= Ship registration =

Process by which a ship is documented

Ship registration is the process by which a ship is documented and given the nationality of the country to which the ship has been documented. The nationality allows a ship to travel internationally as it is proof of ownership of the vessel.

International law requires that every ship be registered in a country, called its flag state. A ship is subject to the law of its flag state. It is usual to say that the ship sails under the flag of the country of registration.

A ship's flag state exercises regulatory control over the vessel and is required to inspect it regularly, certify the ship's equipment and crew, and issue safety and pollution prevention documents. The organization which actually registers the ship is known as its registry. Registries may be governmental or private agencies. In some cases, such as the United States' Alternative Compliance Program, the registry can assign a third party to administer inspections.

A register that is open only to ships of its own nation is known as a traditional or national register. Registers that are open to foreign-owned ships are known as open registries and are sometimes called flags of convenience.

== History ==
Ship registration has been done since business on the seas has been important. Originally meant to control ships carrying cargo in European seafaring countries, it was used to make sure ships were being built in the local country, with crews predominantly of the local country. Since then, ship registration has been used to document ships for ownership. Documentation provides definite evidence of nationality for international purposes and provides financing opportunities with the availability of preferred mortgages on documented vessels.

== Requirements for registration ==
Vessels that operate internationally or cross international borders are required to be registered. Some jurisdictions also require vessels that only operate in territorial waters to register on their national register, and some forbid foreign-flagged vessels from trading between ports within the country (a practice known as cabotage). The country of registration is a ship's flag state and determines its nationality as well as which country's laws govern its operation and the behavior of its crew. A country will specify legal requirements for registration of a ship in its domestic laws, for example, in the UK, the Merchant Shipping Act 1995 details British law on entitlement for ship registration, including qualifications, pre-conditions and the machinery for registration.

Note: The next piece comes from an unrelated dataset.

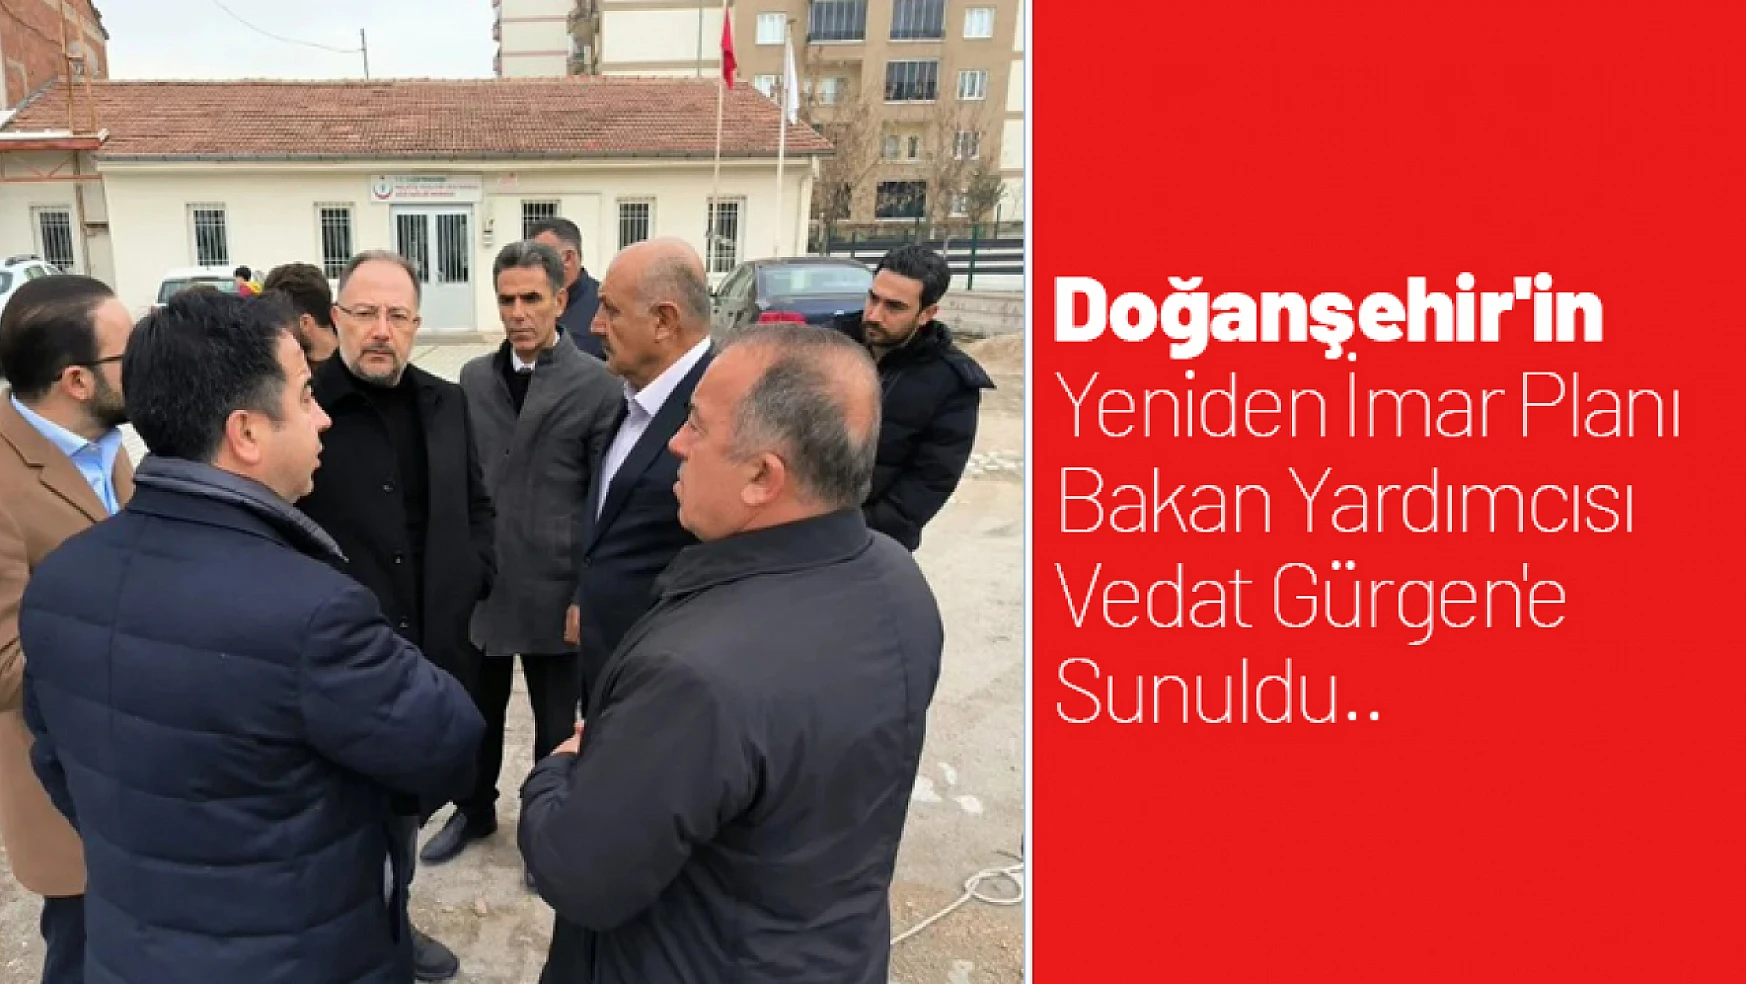 Doğanşehir'in Yeniden İmar Planı Bakan Yardımcısı Vedat Gürgen'e Sunuldu..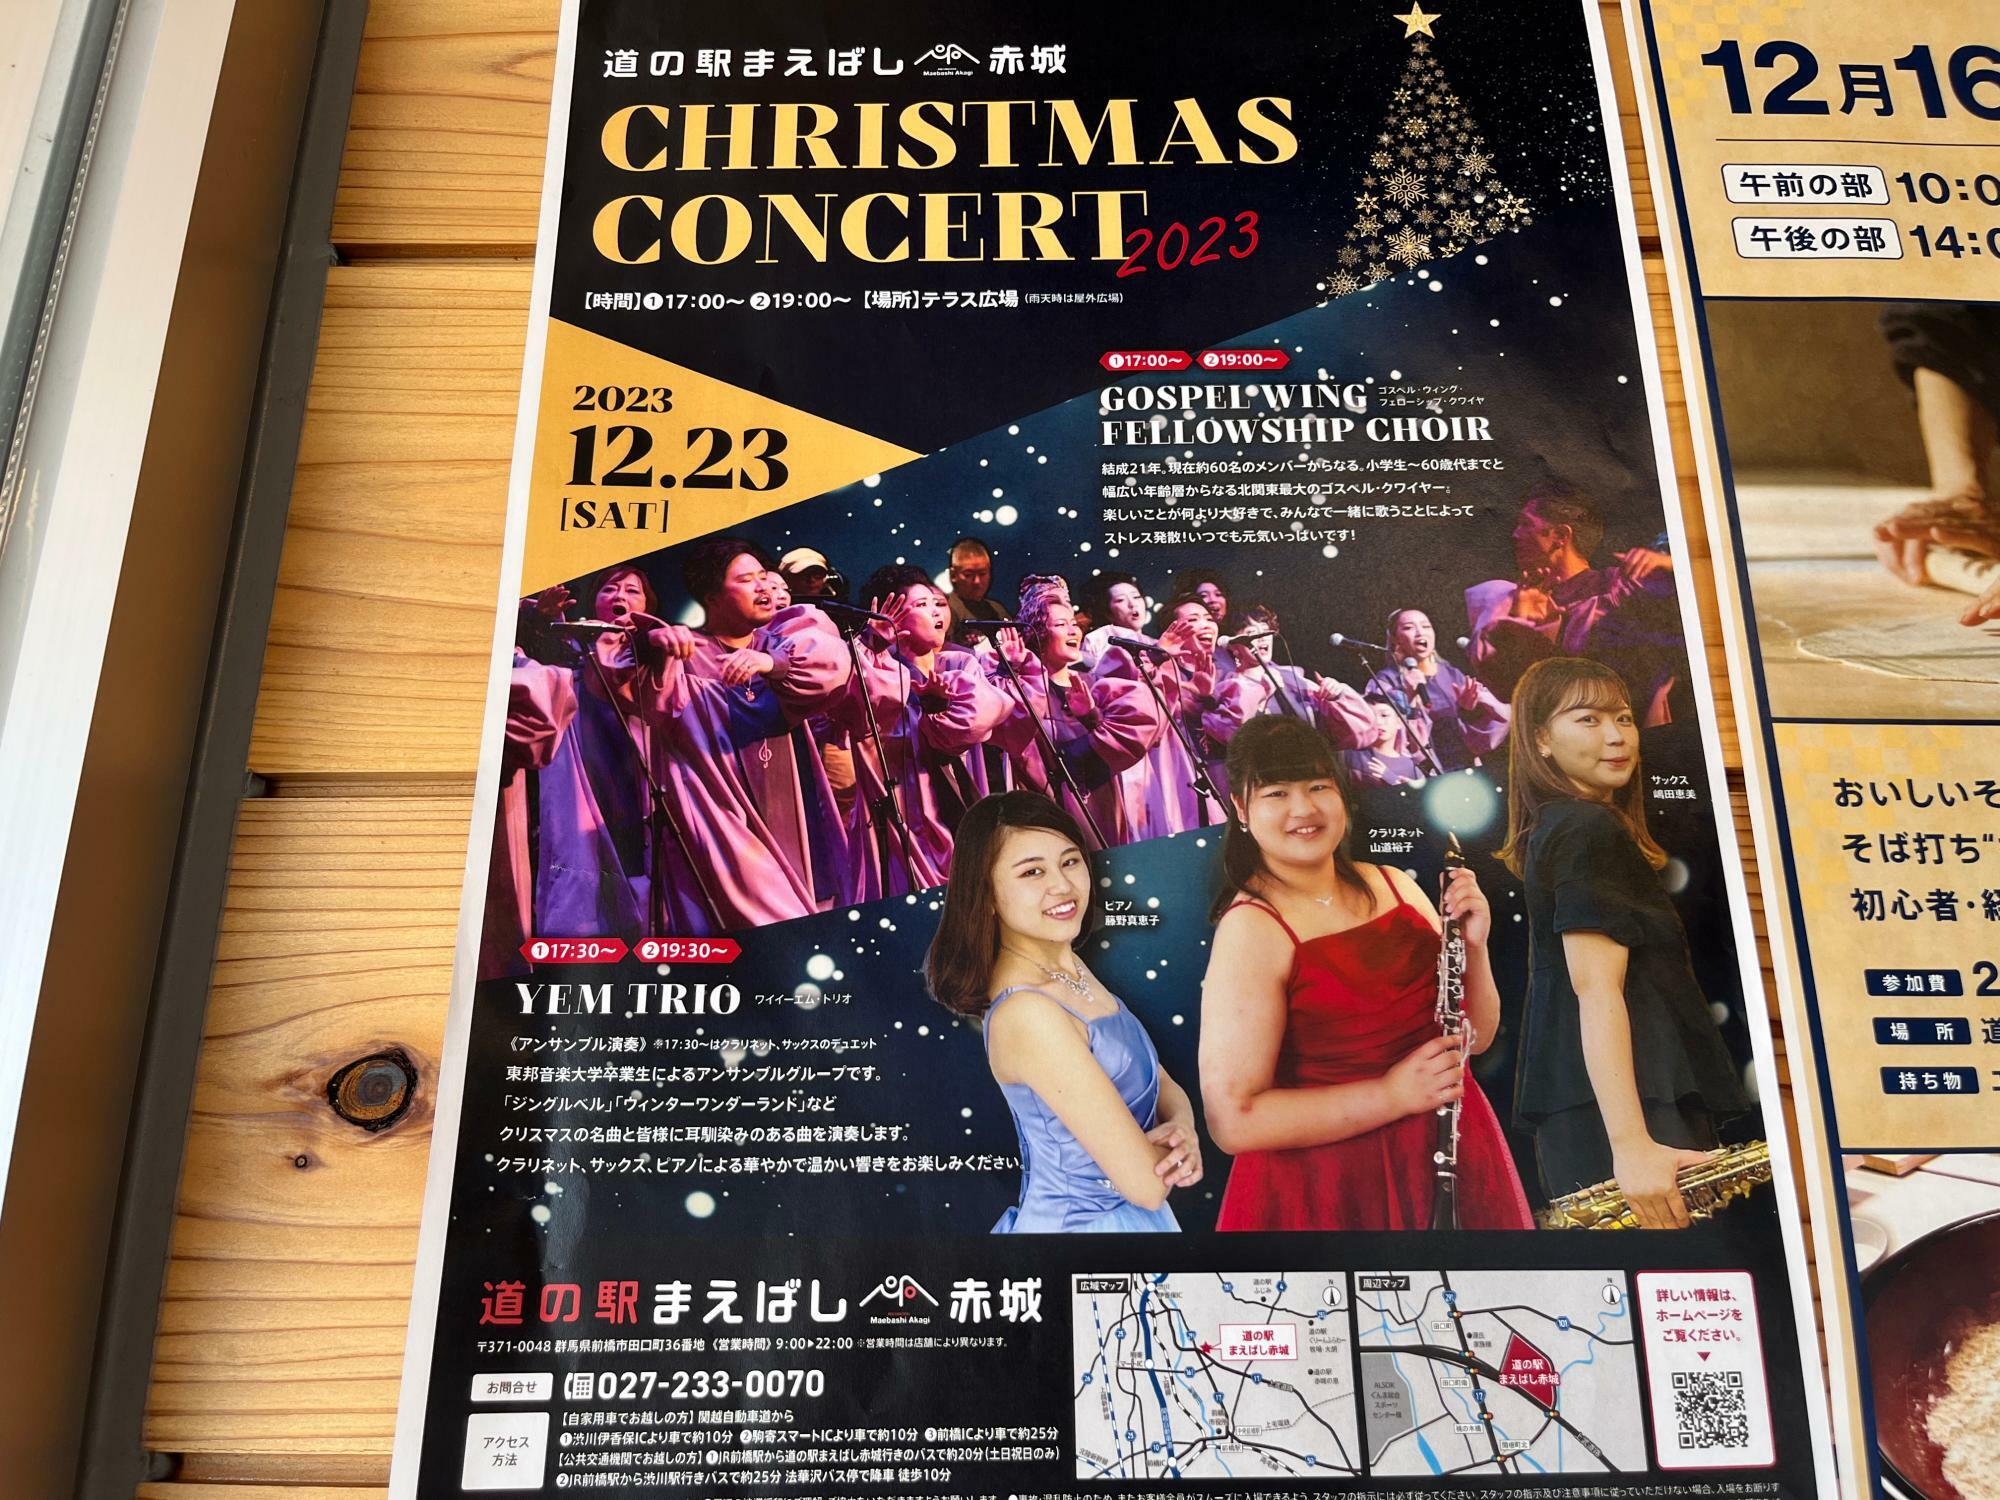 「道の駅まえばし赤城クリスマスコンサート2023」開催告知のポスター

Each registry has its own rules as to the types of vessels that it will accept for registration. The Liberian Registry, for example, registers seagoing vessels of more than 500 net tons that conduct foreign trade. Vessels over the age of 20 require a waiver as well as the vessel's classification society being willing to issue statutory certificates to the vessel. Vessels 15 years or older must have a Status Report of the vessel's Special Survey to be reviewed by Marine Safety. Registries charge a registration fee.

== Link to flag state ==
There must be a "genuine link" between a vessel and its flag state. Article 5(1) of the Geneva Convention on the High Seas of 1958, which came into effect in 1962, requires that "the state must effectively exercise its jurisdiction and control in administrative, technical and social matters over ships flying its flag." There are 63 states party to that Convention. The principle was repeated in Article 91 of the United Nations Convention on the Law of the Sea of 1982 (UNCLOS), which came into effect in 1994. That Convention has 167 parties.

In 1986, the United Nations Conference on Trade and Development attempted to solidify the genuine link concept in the United Nations Convention on Conditions for Registration of Ships. The Convention on Conditions for Registration of Ships would require that a flag state be linked to its ships either by having an economic stake in the ownership of its ships or by providing mariners to crew the ships. To come into force, the 1986 treaty requires 40 signatories whose combined tonnage exceeds 25% of the world total. To date, only 14 countries have signed the treaty.

National or closed registries typically require that a ship be owned by national interests, and at least partially crewed by its citizens. Open registries do not have such requirements; some offer on-line registration, and one guaranteed completion in less than a day.

=== Unflagged vessels ===
Ships operated illegally, such as by pirates, or narco-submarines, are not normally registered by the operators (although a registered ship may be captured or used covertly for illegal purposes).